Outages delivering severe financial blows
Examining the impact of downtime across the industry, Uptime found that over 10 percent of all respondents’ most recent significant outage cost more than $1 million (£0.79 million). In 2018, just six percent of respondents said their most recent outage was as costly.
Operators reported a similar number of outages this year as they did in 2018: Just over a third of all respondents have experienced an outage or severe IT service degradation in the past year, while half experienced an outage or severe IT service degradation in the past three years.
And as was the case in 2018, power failures, software and IT systems errors and network failures remain the three main causes of outages. Operators have managed to get a better handle on software and IT systems issues, reducing their impact by eight percent, but the number of outages operators cannot explain has increased by ten percent. 60 percent said their outages could have been prevented with better management/processes or configuration.
Andy Lawrence, executive director of research at Uptime, said the results reflect how the sector is finding it challenging to manage the complexity of a hybrid infrastructure spanning multiple cloud, co-location and enterprise environments.
“In a hybrid infrastructure, any of these failures can cause service degradation or complete service outages depending on how the hybrid architecture is designed,” Lawrence said.
“The transition to these more diversified, dynamic architectures raises many issues around resiliency and business service delivery and that we need more management oversight, transparency and accountability at the business level.”
Co-location, location, location
Although cloud migration, colocation and edge buildouts are increasing, large corporations continue to favour the privately owned data centre and will run half of all their workloads there by 2021, Uptime said. Half of the respondents added that they had no plans to place mission-critical workloads into public clouds. Although enterprise data centre capacity is growing in size, it is forming a smaller percentage of the total capacity needed.
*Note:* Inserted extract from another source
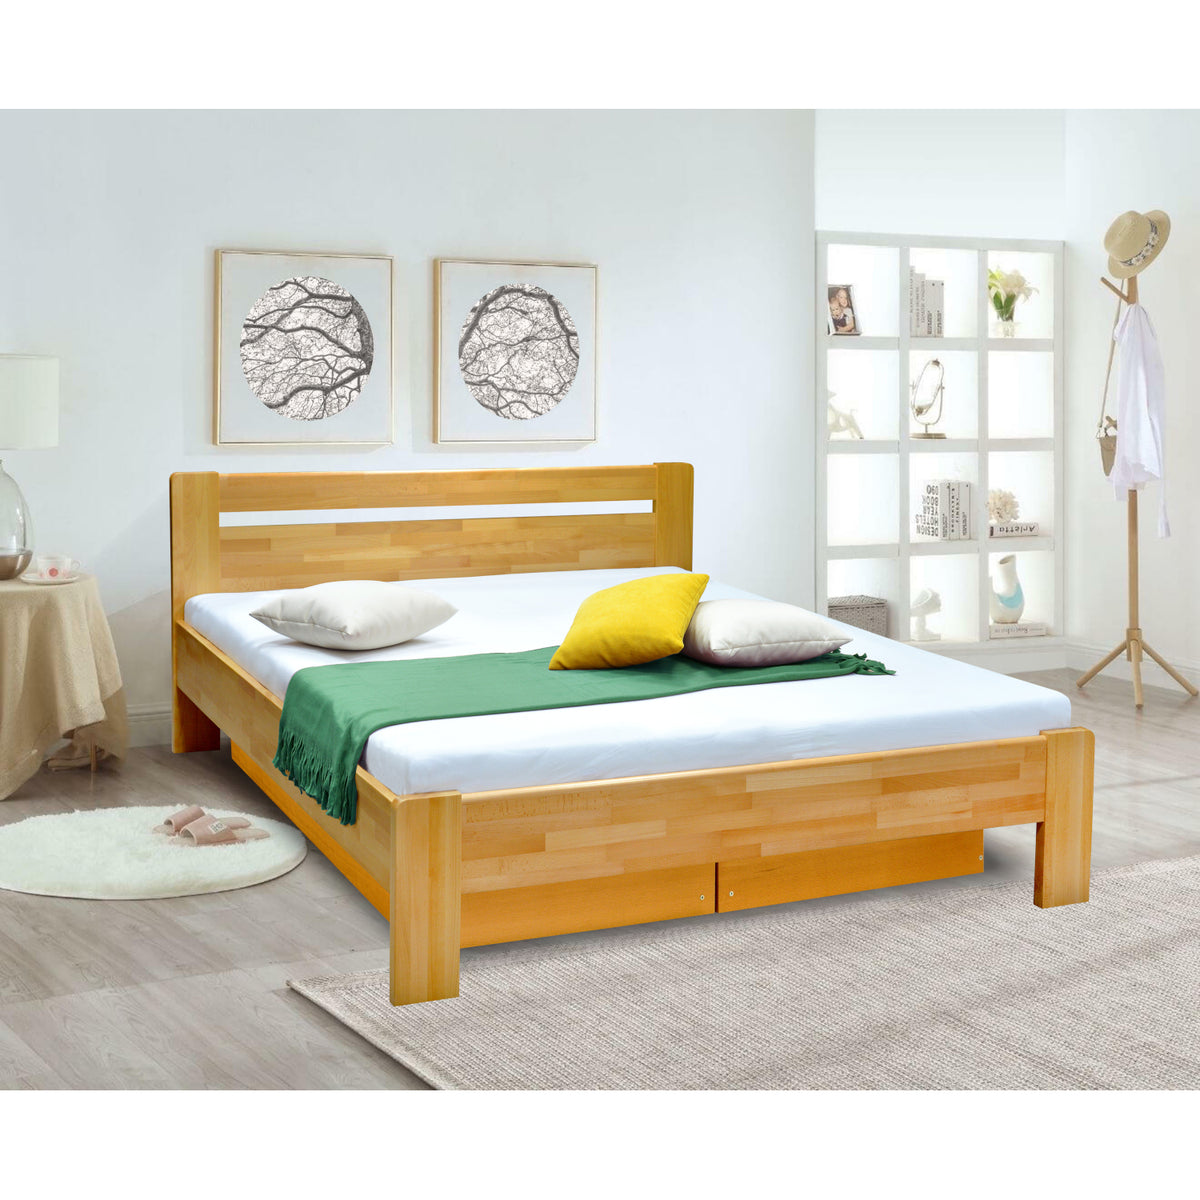 Masivní postel Maribo 2, 180x200, vč. roštu, bez matr., sv.ořech

Diversity, talent and skills
Uptime warns the sector’s well-documented skills shortage has now escalated into a “crisis”, reporting a 6 percent rise (61 percent) in the number of respondents saying they are finding it difficult to retain or recruit staff.
The data centre is still heavily dominated by men. Only five percent of facilities employee 50 percent or more female staff and a quarter have none among their build, design or operations ranks.
While hiring more women seems an obvious solution to the sector’s staffing issues, most operators don’t consider the lack of women to be a threat to the industry.
“In this ageing and overwhelmingly male sector, most operators are struggling with staffing issues. While most do not believe a lack of diversity in their ranks is an issue to be concerned about, Uptime believes actively recruiting women and other underrepresented populations into data centres will help to alleviate the staffing crisis,” the company said.
As for the effect of AI on staffing requirements, the majority of owners and respondents say automation will have no impact on staff requirements until 2024.